Aviva Life Insurance
Dr. Sunil Prakash@consumercell
Mar 13, 2007 06:51 PM, 6090 Views
Beware - do not invest in ULIP

This is related to Insurance business. Our Govt. Of India allowed private operators to compete with our long standing and most successful Insurance sector the LIC of India and the General Insurance of India. Unlike other sectors, MNC’s jumped for this and very soon they found this to be a loosing proposition. So they thought of some schemes where they could earn an extra dime. They came with a fantasy and come out with the Unit linked Insurance scheme. Unit linked because of 2 reasons. First they are not permitted to enter into the financial instruments directly.


Secondly this will be a a source of income both for financial trading and insurance. So far so good. But the question is that why should a financial instrument be linked with Insurance and how come the Government has given permission. It is evident of links with the higher authorities. The government machinery should be clear that the financial sector should not be mixed with Insurance sector. The 2 should be kept separate and should function separately.


As the scheme is explained by the seller to the purchaser by pep talks, it appears to be very good, but when you read the fine print then you come to know that it has draconian effect. the worst part is the first year allocation charges of the premium you pay to the company. In most of the cases if the fine print is studied carefully then you come to know that 20 - 25 % and in some cases / schemes, 30 % of the investment you pay for the first year is allocated by the company for its expenses. That means that only 70-75 % of your investment is invested for the returns. Is it not draconian loss to the investor. I have been asking the companies to give the logic for 25-30 % appropriation to expenses account.


They say that the major funds go to the Investment managers. That means that the managers handling the investment portfolio take away around 20%. This is their net income. Now when they suggest investment, any returns that come or not is your luck. they have already earned 20 % of your investment to their kitty. When we feel the other way round. The investment managers should say that what ever profit we arrange for you, we will charge 20 %.

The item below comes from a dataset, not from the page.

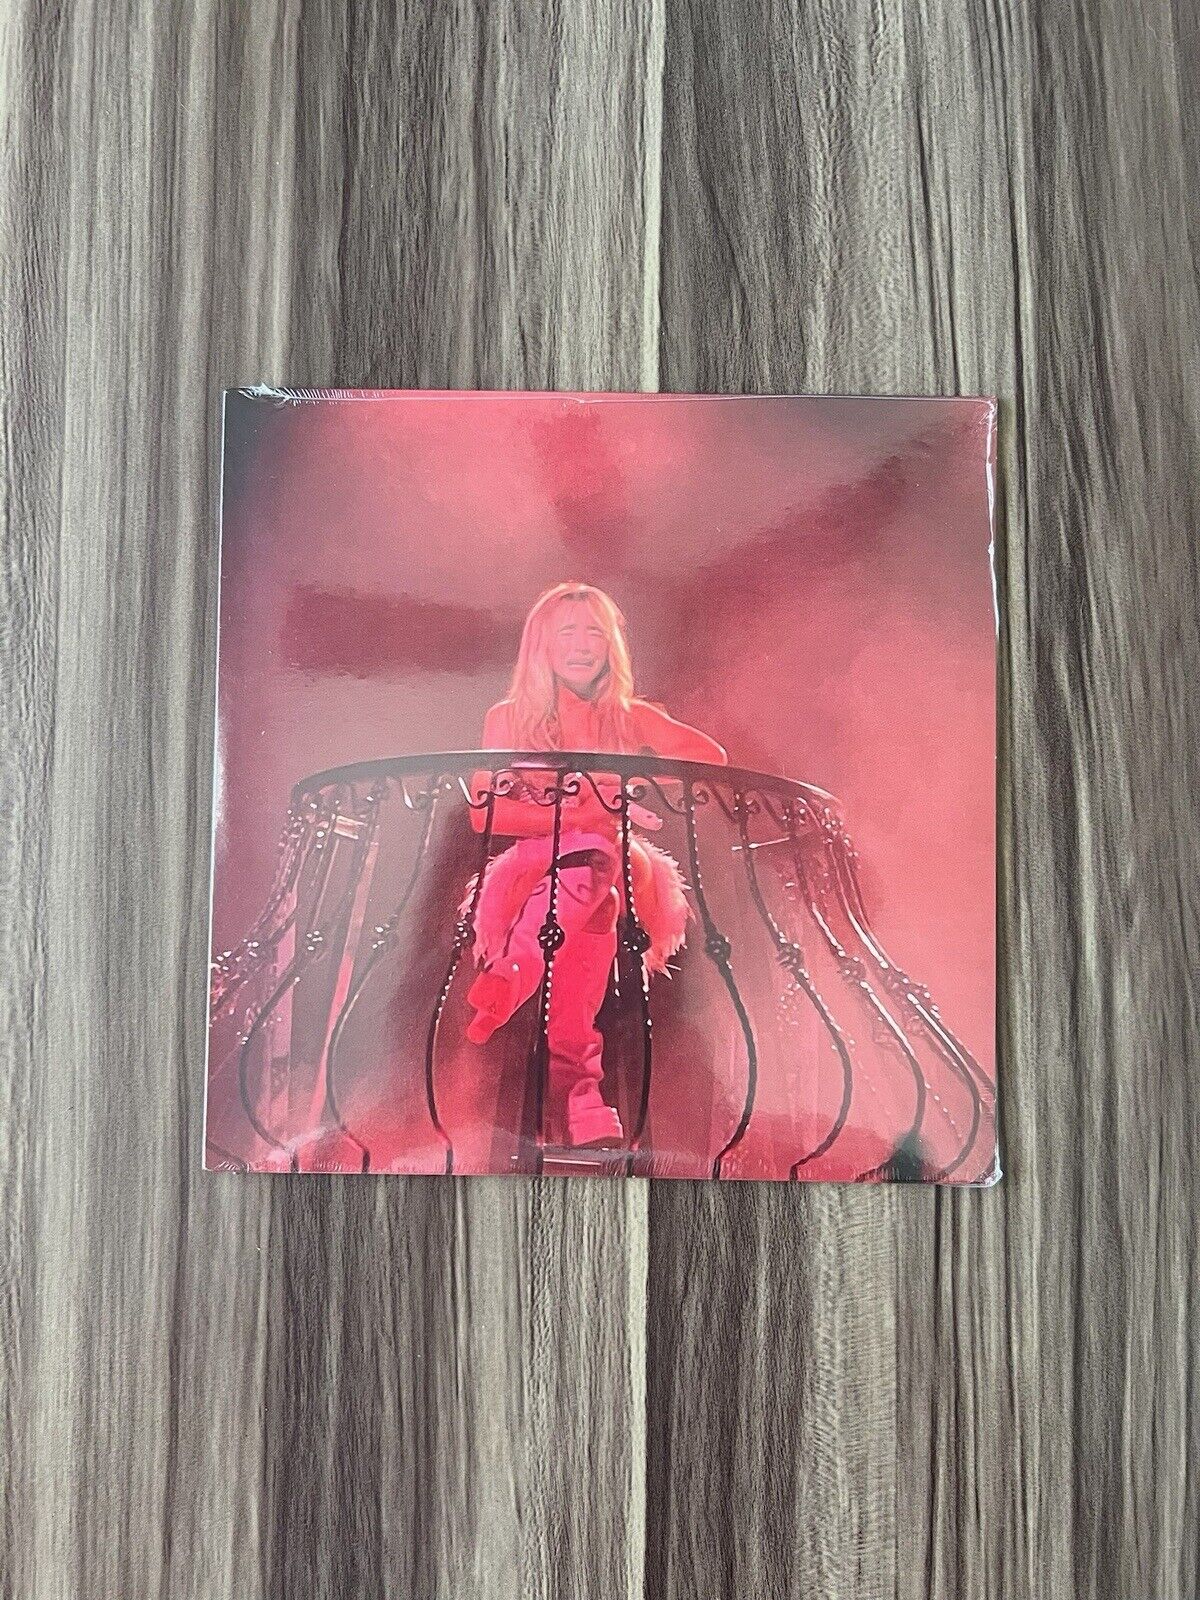 Sabrina Carpenter Feather pink glitter 7” single vinyl NEW SEALED SAME DAY SHIP
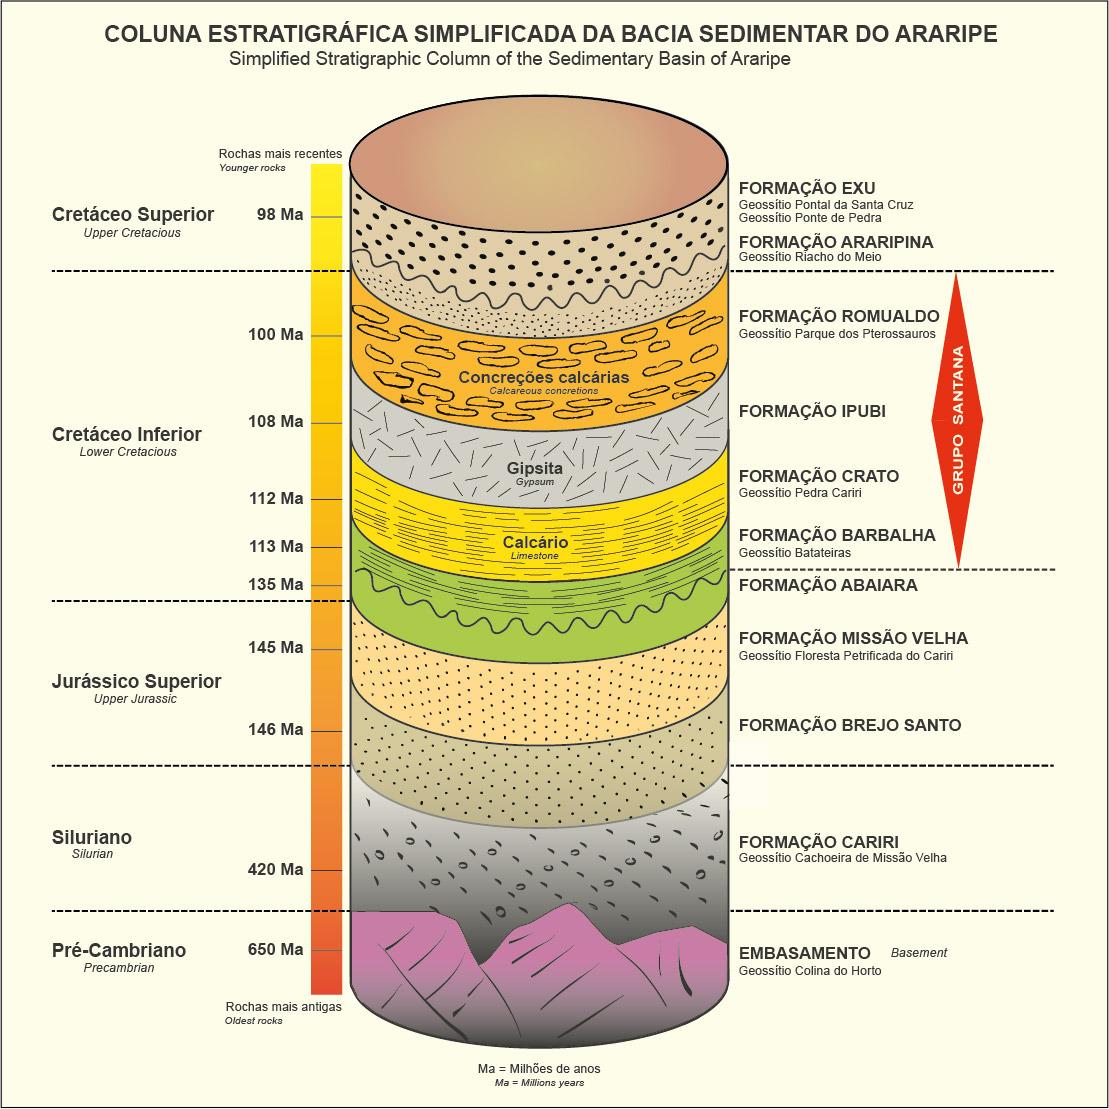 Coluna estratigráfica simplificada da Bacia Sedimentar do Araripe

This sounds good as to earn their profit they will have to make genuine efforts. So beware and check for the antecedents of the company and managers. Better is to go for other sources of investment which give the same returns and safer returns. Now when you invest 20 to 25 % as your net loss, and if you land up earning 8 % return on your 75% investment amount you will take 5 years to brake-even you investment amount. So where is the question of any gains? These are the point’s one need to think before the act.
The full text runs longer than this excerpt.